You're right, that was another error case in the article that I missed the first time.
In LMDB's case you'd need to be pretty unlucky for that bug to bite; all the writes are done at once during txn_commit so you have to issue sync() during the couple milliseconds that might take, before the fsync() at the end of the writes. Also, it has to be a single-sector failure, otherwise a write after the sync will still fail and be caught.
E.g.
If the device is totally hosed, all of those writes' destination pages would error out. In that case, the failure can only be missed if you're unlucky enough for the sync to start immediately after the last write and before the fsync. The window is on the order of nanoseconds.
If only a single page is bad, and the majority of the writes are ok, then you still have to be unlucky enough for the sync to run after the bad write; if it runs before the bad write then fsync will still see the error.
LMDB claimed speed and reliability seems remarkable (from a quick glance). I would guess is easier to achieve such, for a KV store, than for much more complex Relational Database. Got me thinking though. Mayby Postgres could take advantage of LMDB? Mayby by using LMDB as it’s cache? instead of using OS page cache, maybe writing the WAL to LMDB?
LMDB is not a great fit for something like the WAL, where new data is written at the end, and old data discarded at the start. It leads to fragmentation (especially if WAL entries are larger than a single page).
Maybe with https://github.com/kellabyte/rewind which should support WAL for lmdb
LMDB itself only uses the OS page cache. The way for LMDB to improve an RDBMS is for it to replace the existing row and index store, and eliminate any WAL. This is what SQLightning does with SQLite.

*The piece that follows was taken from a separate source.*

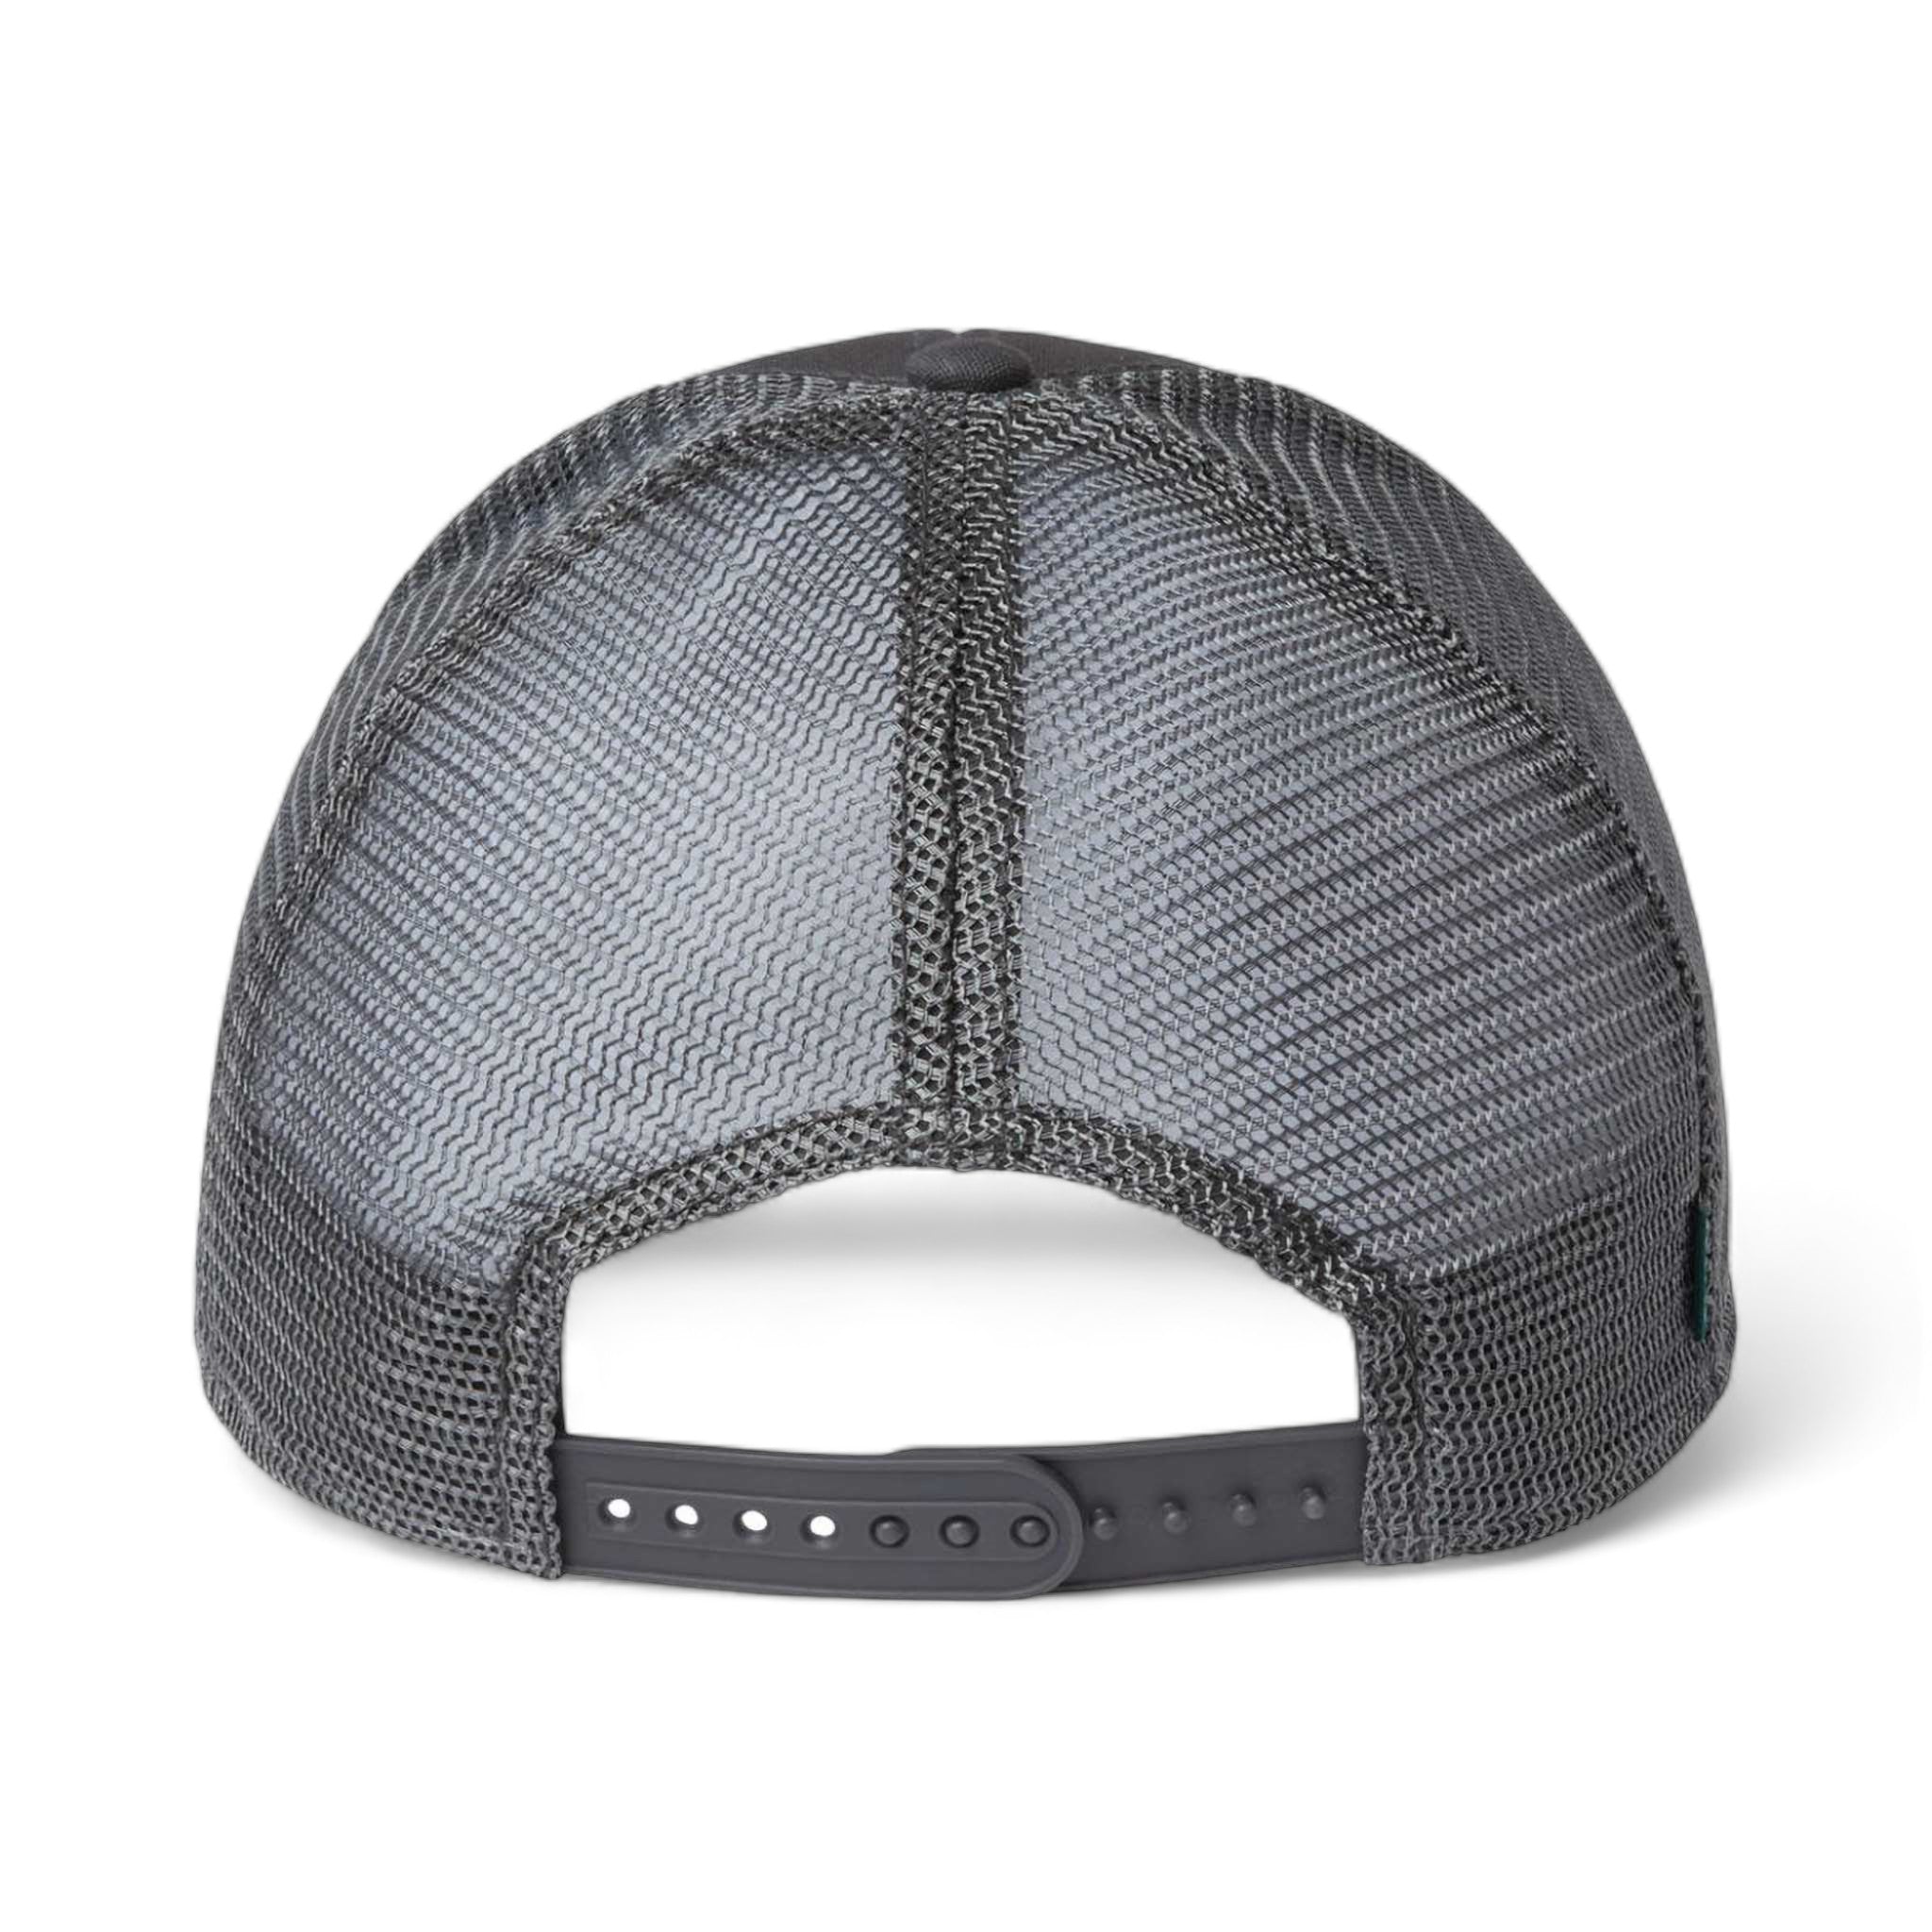 Back view of LEGACY LPS custom hat in dark grey and dark grey

Have looked at replacing InnoDB in MySQL, but that code is a lot harder to read, so it's been slow going. Postgres doesn't have a modular storage interface, so it would be even uglier to overhaul.
Thanks, make sense, I think Postgres are planning go have pluggable storage interface in nest version 12, would that help? Also nobody has mention data checksum added v9.3, do you know if this helps avoid this kind of fsync related corruption?
> Also nobody has mention data checksum added v9.3, do you know if this helps avoid this kind of fsync related corruption?
Not really, I think. Page-level checksums don't protect against entire writes going missing, unfortunately.